Monterrubio María, Mellado Mario, Carrera Ana C, Rodríguez-Frade José Miguel
Department of Immunology and Oncology, Centro Nacional de Biotecnología/CSIC, Campus de Cantoblanco, E-28049 Madrid, Spain.
Biochem Biophys Res Commun. 2009 Oct 16;388(2):199-204. doi: 10.1016/j.bbrc.2009.07.153. Epub 2009 Aug 4.
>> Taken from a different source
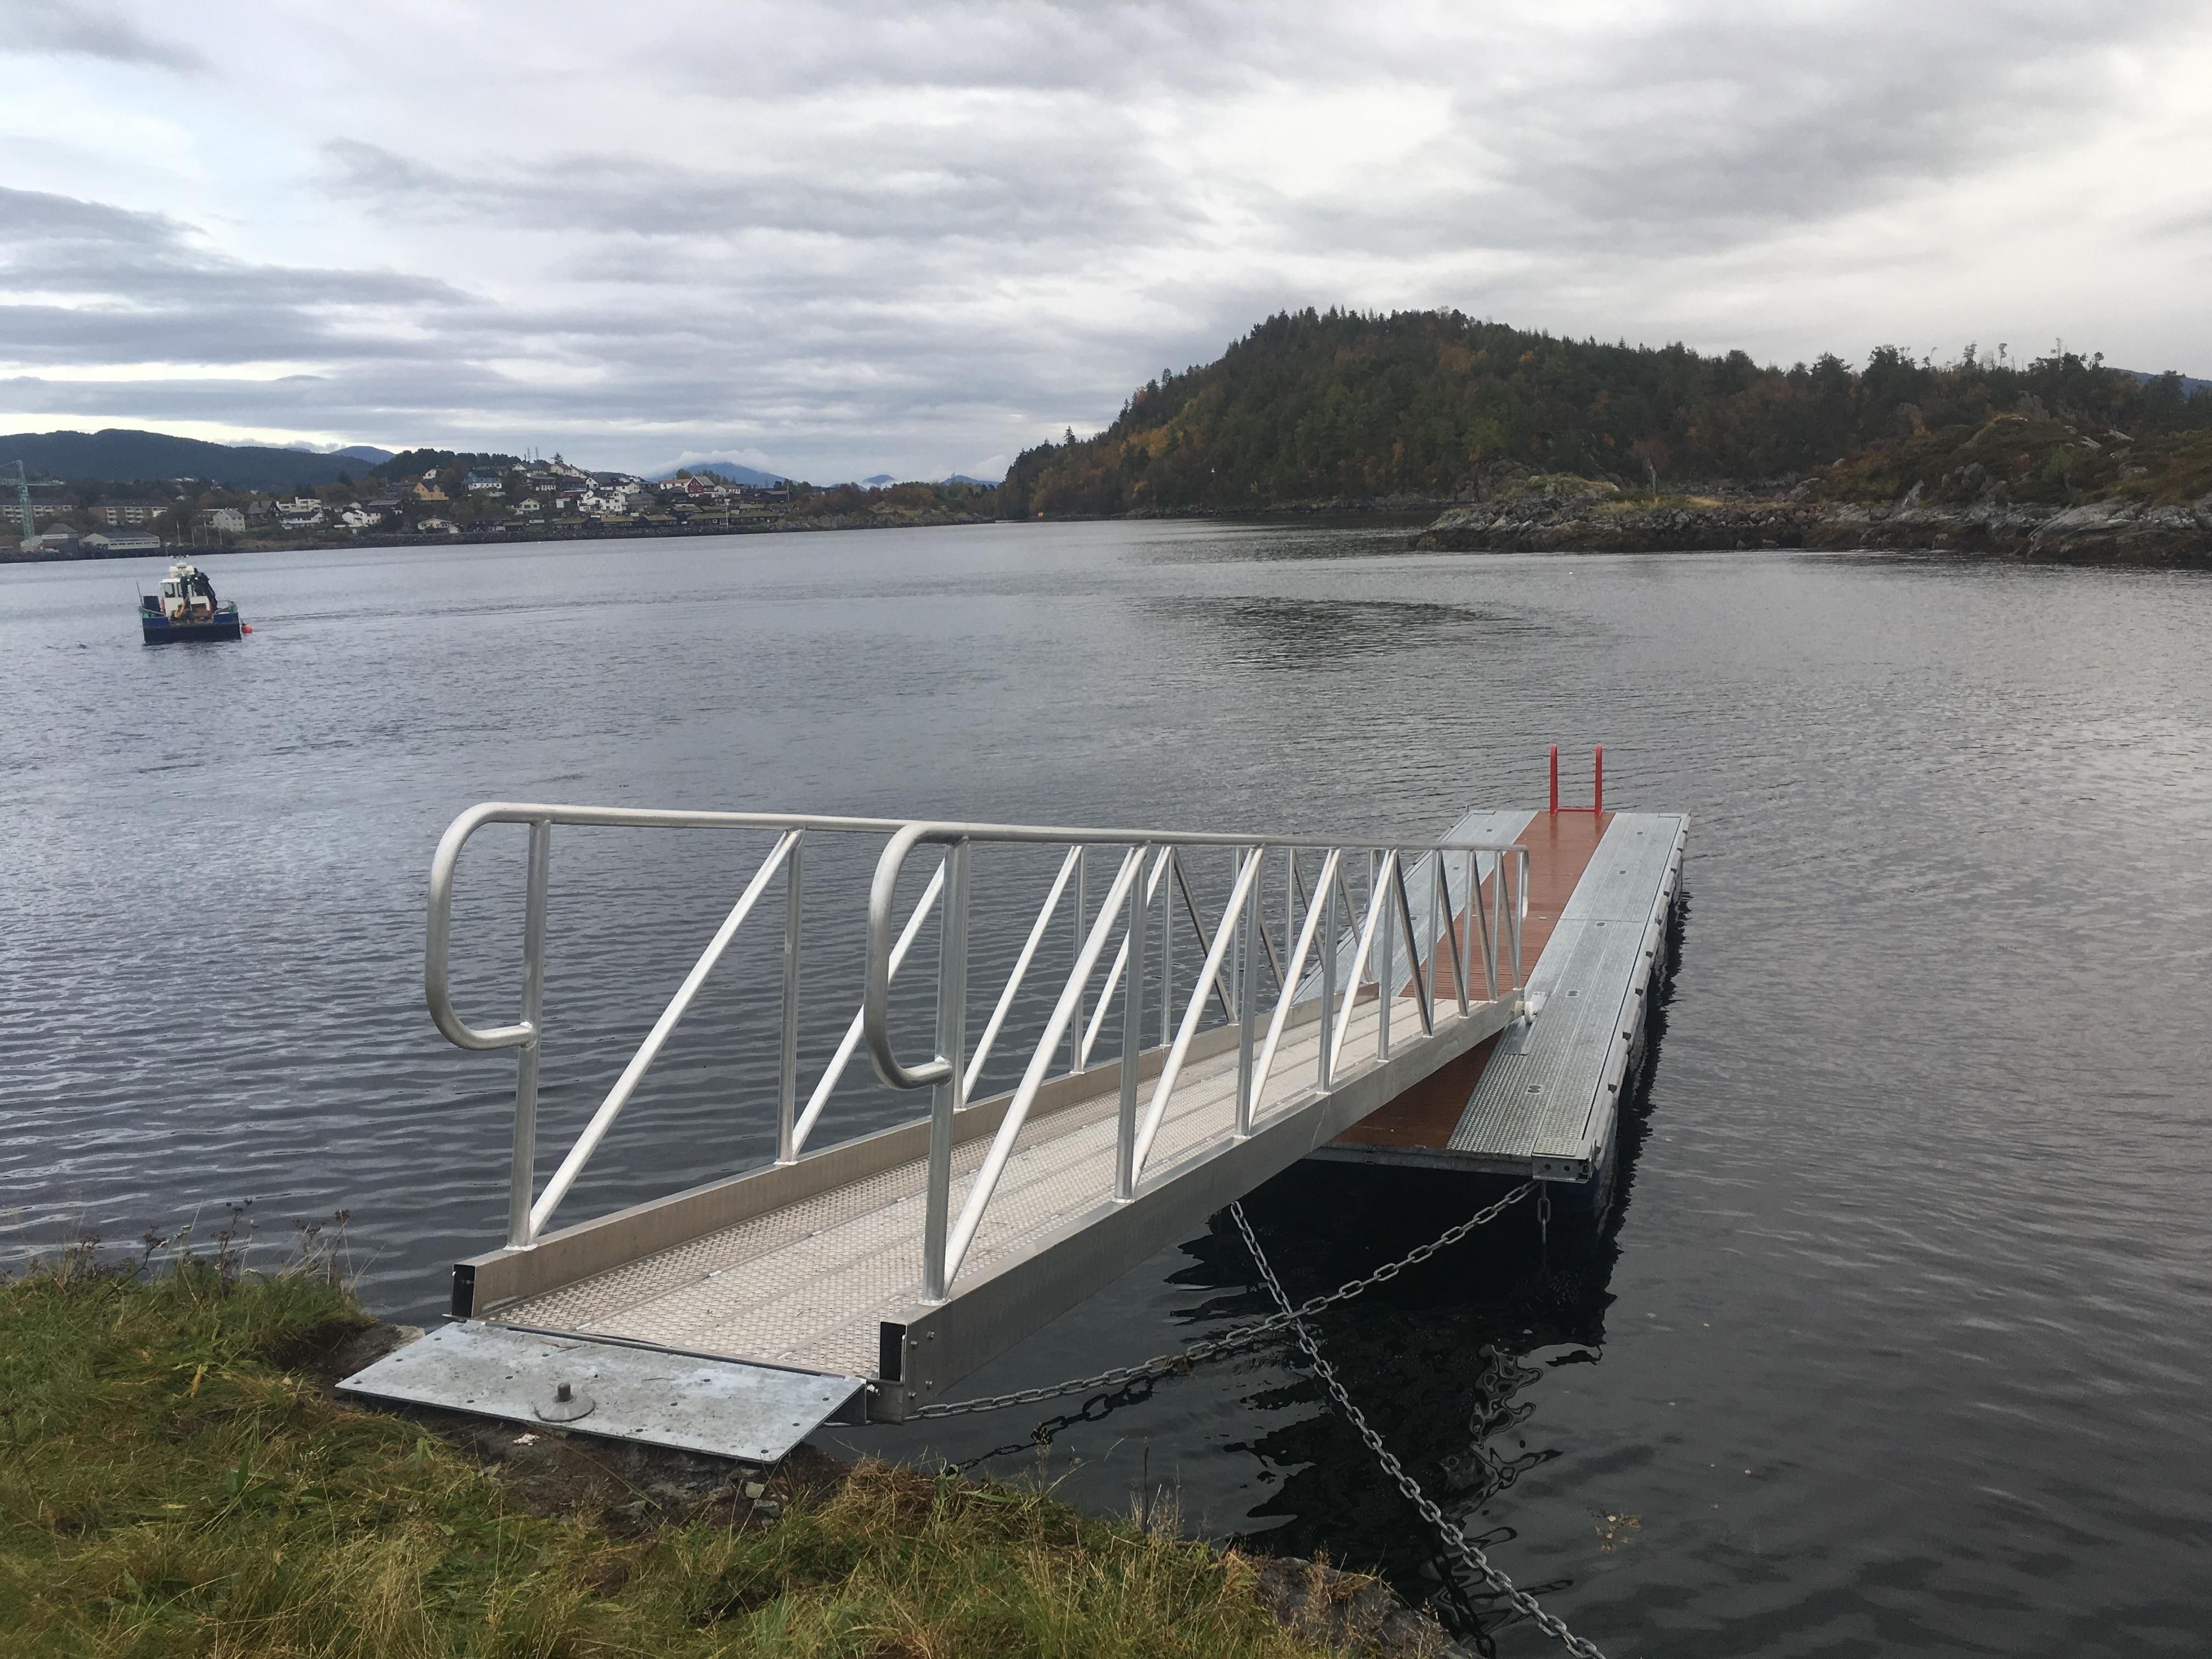 https://marinasolutions.no/uploads/Sunnmøre-Friluftsråd_Hundsvør-3.JPG
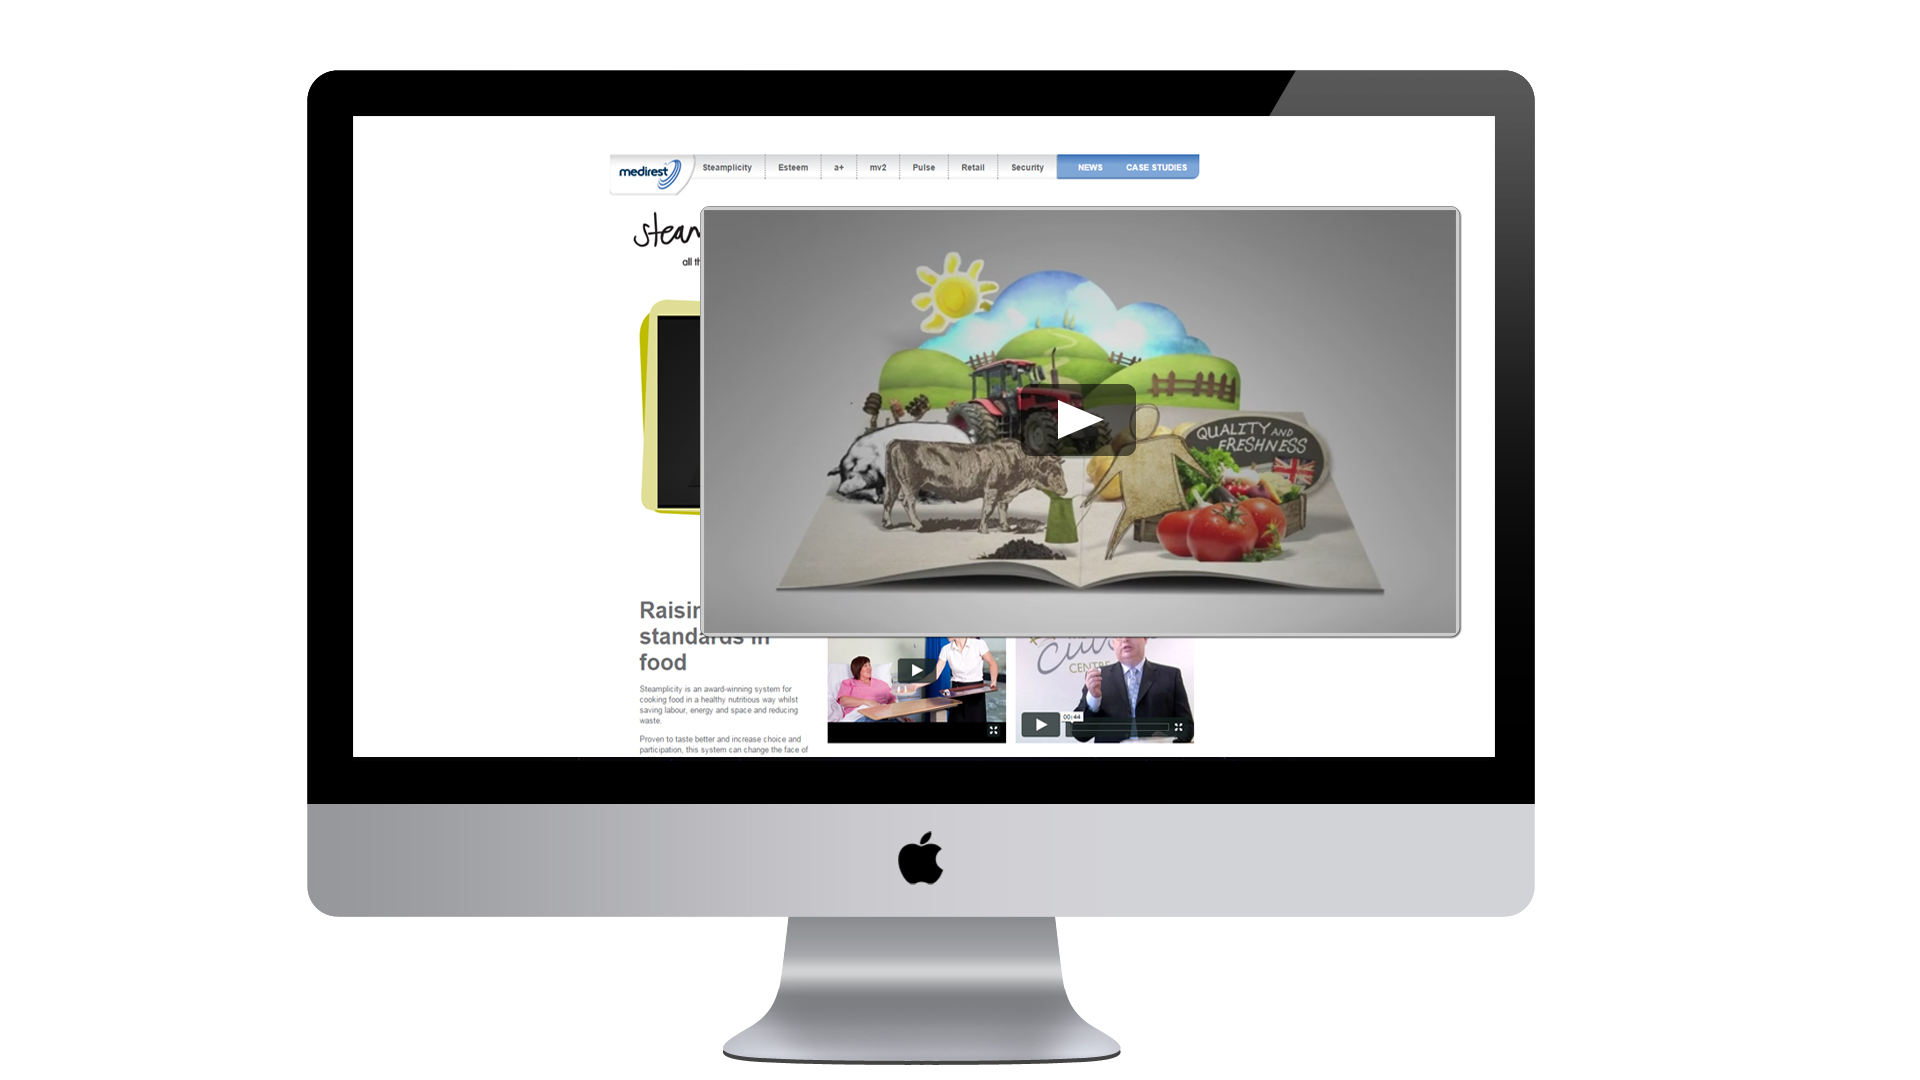 imac_website

Tumor dissemination is a complex process, in which certain steps resemble those in leukocyte homing. Specific chemokine/chemokine receptor pairs have important roles in both processes. CXCL12/CXCR4 is the most commonly expressed chemokine/chemokine receptor pair in human cancers, in which it regulates cell adhesion, extravasation, metastatic colonization, angiogenesis, and proliferation. All of these processes require activation of signaling pathways that include G proteins, phosphatidylinositol-3 kinase (PI3K), JAK kinases, Rho GTPases, and focal adhesion-associated proteins. We analyzed these pathways in a human melanoma cell line in response to CXCL12 stimulation, and found that PI3Kgamma regulates tumor cell adhesion through mechanisms different from those involved in cell invasion. Our data indicate that, following CXCR4 activation after CXCL12 binding, the invasion and adhesion processes are regulated differently by distinct downstream events in these signaling cascades.
肿瘤播散是一个复杂的过程,其中某些步骤类似于白细胞归巢中的步骤。特定的趋化因子/趋化因子受体对在这两个过程中都起着重要作用。CXCL12/CXCR4是人类癌症中最常表达的趋化因子/趋化因子受体对,它在其中调节细胞黏附、外渗、转移定植、血管生成和增殖。所有这些过程都需要激活包括G蛋白、磷脂酰肌醇-3激酶(PI3K)、JAK激酶、Rho GTP酶和黏着斑相关蛋白在内的信号通路。我们分析了人类黑色素瘤细胞系中这些通路对CXCL12刺激的反应,发现PI3Kγ通过与细胞侵袭不同的机制调节肿瘤细胞黏附。我们的数据表明,在CXCL12结合后CXCR4激活后,这些信号级联中的不同下游事件对侵袭和黏附过程的调节方式不同。